The Highlights of EGX 2021

Ah, it’s good to be here again. The last EGX was all the way back in October 2019, and it marked the last big gaming show I went to before everything started locking down in the wake of the coronavirus pandemic. So it was wonderful to walk through the halls of the London ExCel centre once more – it felt like a little slice of relative normality returning, as well as a reminder of how important face to face contact can be. In just one day, I made tons of connections and found out loads of things that I wouldn’t have known about if I’d been stuck at home in front of my computer.

The Baldur’s Gate III stand was by far the most elaborate.

EGX isn’t quite back at full force, mind. The show was noticeably smaller than usual, and there were far fewer exciting previews of big upcoming games – nothing like the secretive Cyperpunk 2077 demos of 2019, for example. Partly that could be down to the relatively sparse release calendar for AAA titles, itself attributable to delays induced by the pandemic. But I suspect it’s mostly due to dev teams and publishers being unable to fly in as a result of quarantine restrictions – although there were some innovations to get round this.

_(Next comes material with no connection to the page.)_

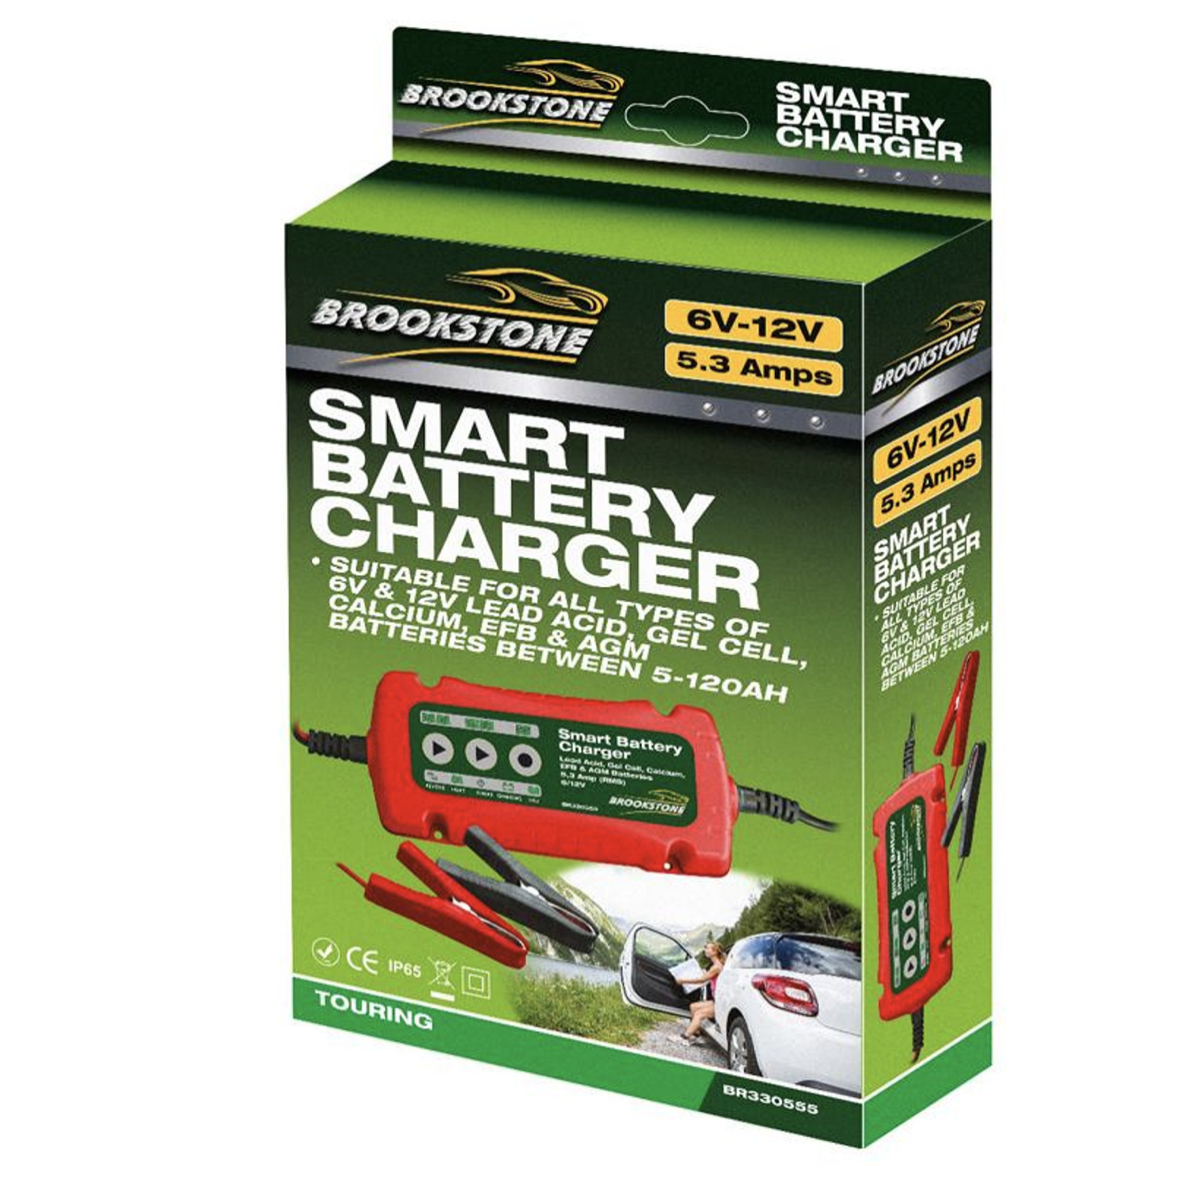 Brookstone Smart Battery Charger 6V-12V

At one point I was sitting down, playing a PC game with headphones on, when I suddenly heard a “Hello?” in my ear. I looked across, and there was the developer on a little screen next to my monitor, ready to chat over Discord. Marvellous. In fact, there were quite a few developers ready to talk over video calls, and it was a neat way to get around the inability to travel from abroad.

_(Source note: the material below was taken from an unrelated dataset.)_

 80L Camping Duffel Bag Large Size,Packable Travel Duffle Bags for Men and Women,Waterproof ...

Unfortunately I only had a single day to sample the delights of EGX this time around, rather than the full weekend, but here are the games that leapt out at me as I dashed hither and thither on the show floor.

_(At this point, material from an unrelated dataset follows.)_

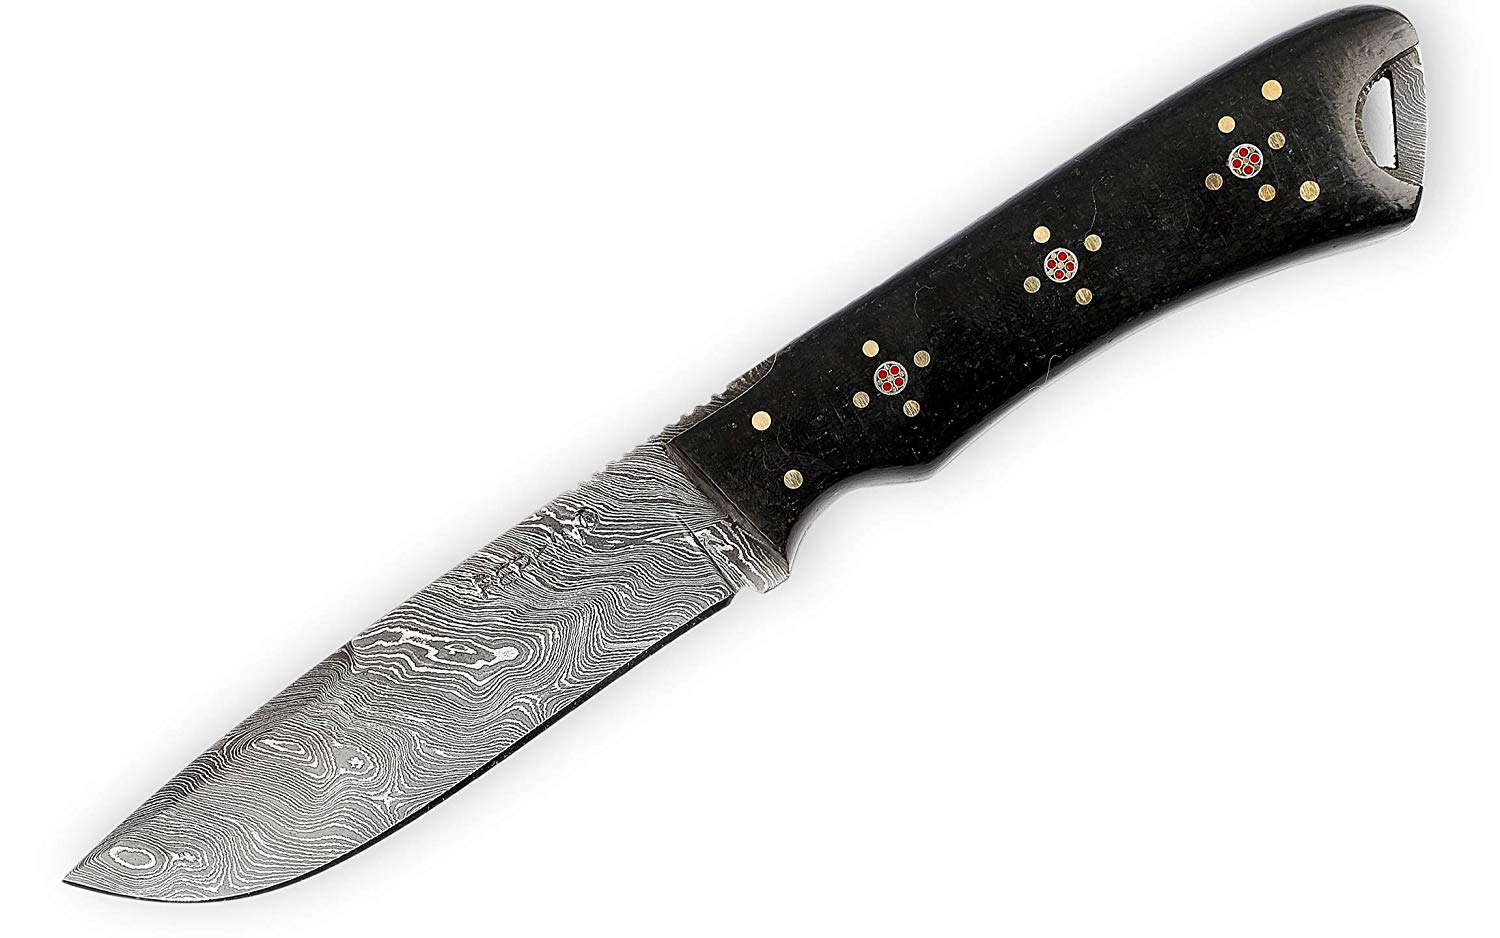 Razor Sharp Steel Blade Hunting Knife - 9.5 inches

Silt was probably the most intriguing game at the whole show. Apparently it all started with the beautiful, unsettling artwork of Tom Mead (@mrtommead) – the developers then decided to make a game around Tom’s weird visions. It certainly looks gorgeous with its moody black-and-white undersea landscapes, and the gameplay is a mixture of awe and terror as you serenely explore these eerie caves, then die horribly in the jaws of something with far too many teeth.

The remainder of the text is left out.